Employee shall, upon request of the Company, furnish information and assistance
to the Company, and, in addition, upon reasonable request of the Company's Board
of Directors or its designees, shall make himself available to undertake
reasonable assignments consistent with the dignity, importance and scope of his
position and his physical and mental health.
(b) TERMINATION FOR CAUSE. The Company may terminate Employee's
employment hereunder for "cause", effective immediately upon giving written
notice thereof. For purposes of this Agreement, the term "cause" shall be
limited to (i) conviction of a felony or of any crime involving fraud or
misrepresentation; (ii) the continued failure by Employee to substantially
perform his duties to the Company after receipt of written notice from the
Company specifying any action or inaction by Employee which is deemed by the
Company to constitute a failure to perform his duties hereunder with
suggestions, where feasible, as to how Employee may remedy such failure, and
Employee has failed to correct the unsatisfactory performance within thirty (30)
days of such notice; (iii) Employee's negligence or willful misconduct which is
materially injurious to the Company, monetarily or otherwise; (iv) proven
dishonesty affecting the Company; (v) excessive use of alcohol or illegal drugs
interfering with the performance of Employee's duties and the continuance
thereof after written warning; or (vi) any material breach by Employee of the
Company's policies or of the covenants contained in Section 6 of this Agreement
regarding confidentiality. For purposes of the paragraph, no act or failure to
act on Employee's part shall be considered "willful" unless done, or omitted to
be done, by Employee not in good faith and without reasonable belief that his
action or omission was in the best interest of the Company. If at any time the
Company shall determine that Employee has engaged in one or more activities
constituting "cause" for termination hereunder, Employee's employment shall be
terminated for cause. Company shall pay Employee his full Base Salary through
the date of termination at the then current rate (including any applicable bonus
and accrued vacation pay), and all stock options, if any, which have become
vested and exercisable on or before the date of termination, with such options
remaining exercisable for such period of time specified as in Employee's Stock
Option Agreement(s). Company shall then have no further obligations to Employee.
Employee may give a written request to the Company within thirty (30) days after
such termination requesting an opportunity to be heard by the Board of Directors
of the Company. If Employee timely so requests such an opportunity to be heard,
such opportunity shall be made available to Employee within thirty (30) days
after such written request. If the Board, with the advice of counsel, determines
that there was cause for termination, its determination shall be deemed to be
conclusive and final. In the event Employee is terminated for cause, Section
6.a) and 6.b) will be of no force or effect. If it determines in its reasonable
judgment that there was not sufficient basis to terminate Employee for cause,
Employee shall be reinstated with all back pay and benefits restored.
(c) PAYMENT UPON TERMINATION WITHOUT CAUSE. In the event of termination
without cause, Employee shall be given thirty (30) days prior written notice.

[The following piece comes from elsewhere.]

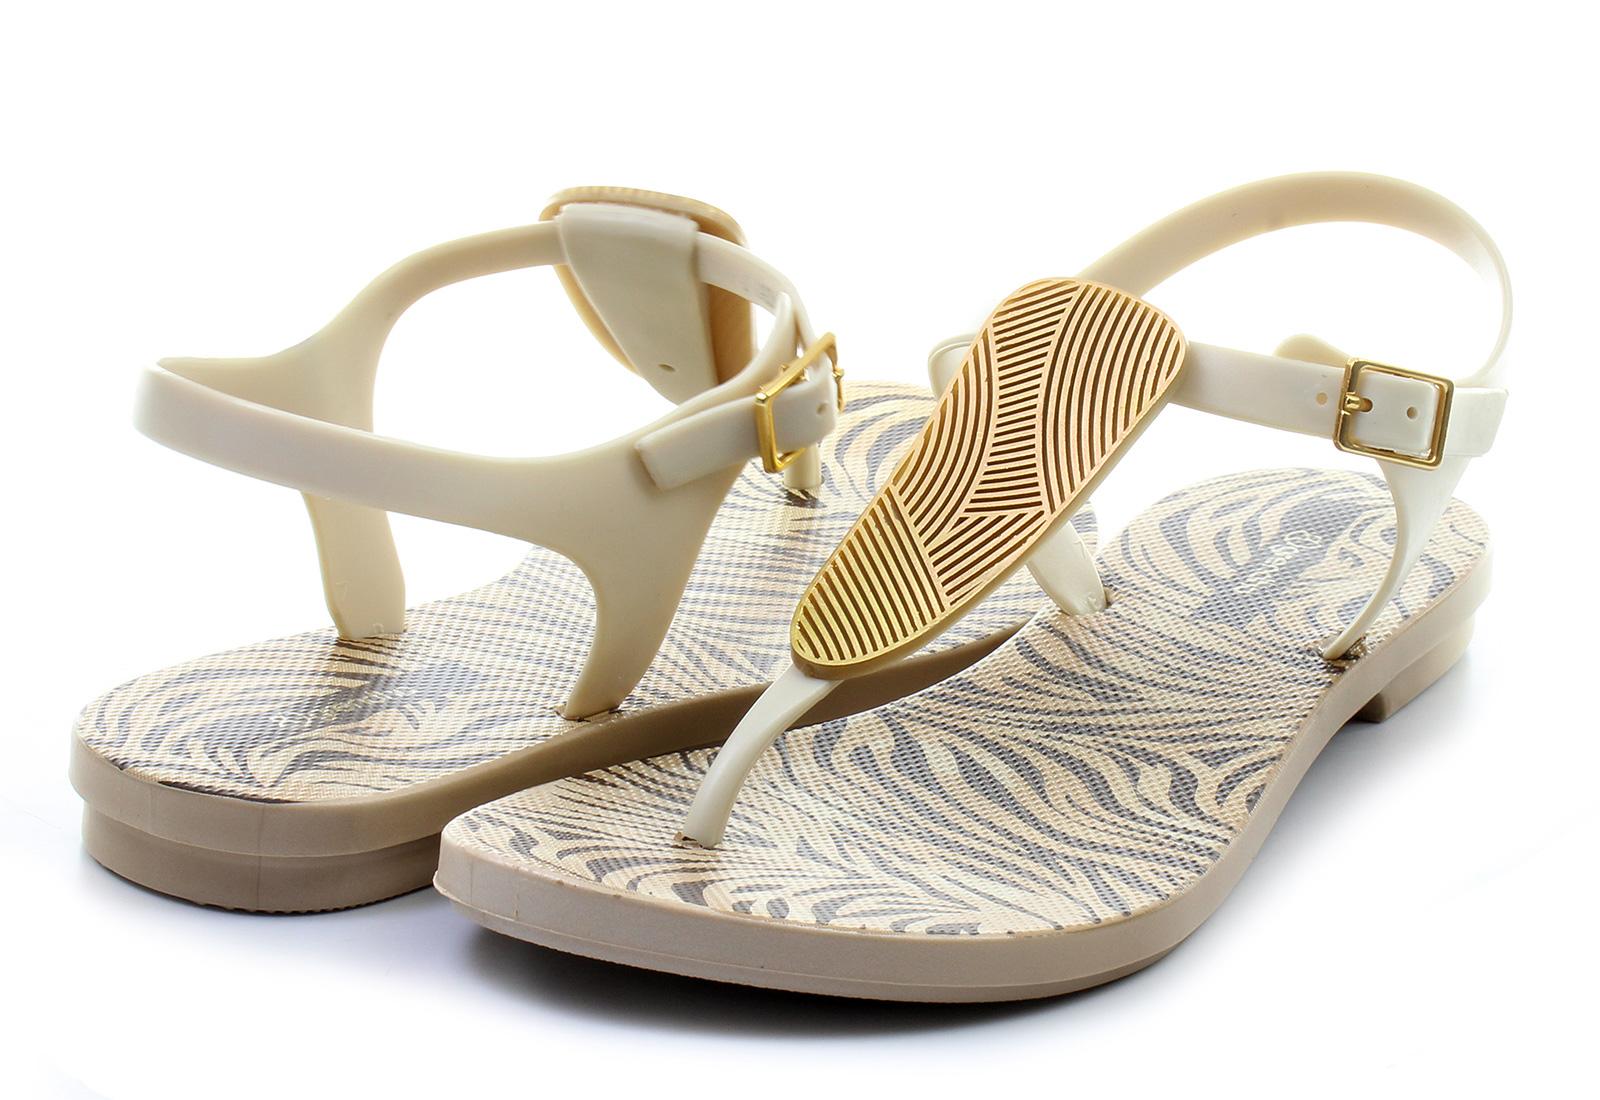 Ugg Boots For Men Grendha Sandals - Sava...

Employee shall execute a full and complete release of any and all claims against
the Company in a form satisfactory to the Company, in which event Employee (or
his estate) shall be entitled to severance pay of (i) an amount equal to
Employee's Base Salary on the date of termination for two (2) months commencing
on the date of termination payable in accordance with the Company's customary
payroll practices, plus (ii) a pro rata portion of any bonus compensation which
would have been paid to Employee under any bonus plan which is adopted by the
Company's Compensation Committee or Board of Directors in such year if the
Company and Employee had met the targeted goals to the date of termination, plus
(iii) the continuation of all benefit (including, without limitation, all
insurance plans) for 6 months after termination, plus (iv) any remaining
unvested options shall vest. A termination pursuant to Section 1 above shall not
be deemed to be a termination without cause under this Section or a termination
for Good Reason under Section 5(e) or subject to this Section 5(c).
3
(d) RETURN OF COMPANY PROPERTY. Upon notice of termination by the
Company or resignation by Employee, Employee shall immediately return to the
Company all property of the Company in Employee's possession, including
Confidential Information (as defined below). Employee acknowledges that the
Company may withhold any compensation and benefits owed to Employee hereunder
until all such property is returned.
(e) EMPLOYEE TERMINATION FOR GOOD REASON. Employee may terminate this
Agreement for Good Reason by giving Company thirty (30) days prior written
notice. Good Reason means: (i) the assignment of any duties inconsistent in any
respect with Employee's position (including status, offices, titles and
reporting requirements), authority, duties or responsibilities hereunder, or any
other action by the Company which results in a diminution in such position,
authority, duties or responsibilities, excluding for this purpose as isolated,
insubstantial and inadvertent action not taken in bad faith and which is
remedied by the Company promptly after receipt of written notice from Employee;
(ii) any reduction of Employee's Base Salary. In such event, Employee's
termination shall be treated as a termination without cause, and he shall be
entitled to the payments enumerated in Section 5(c) above.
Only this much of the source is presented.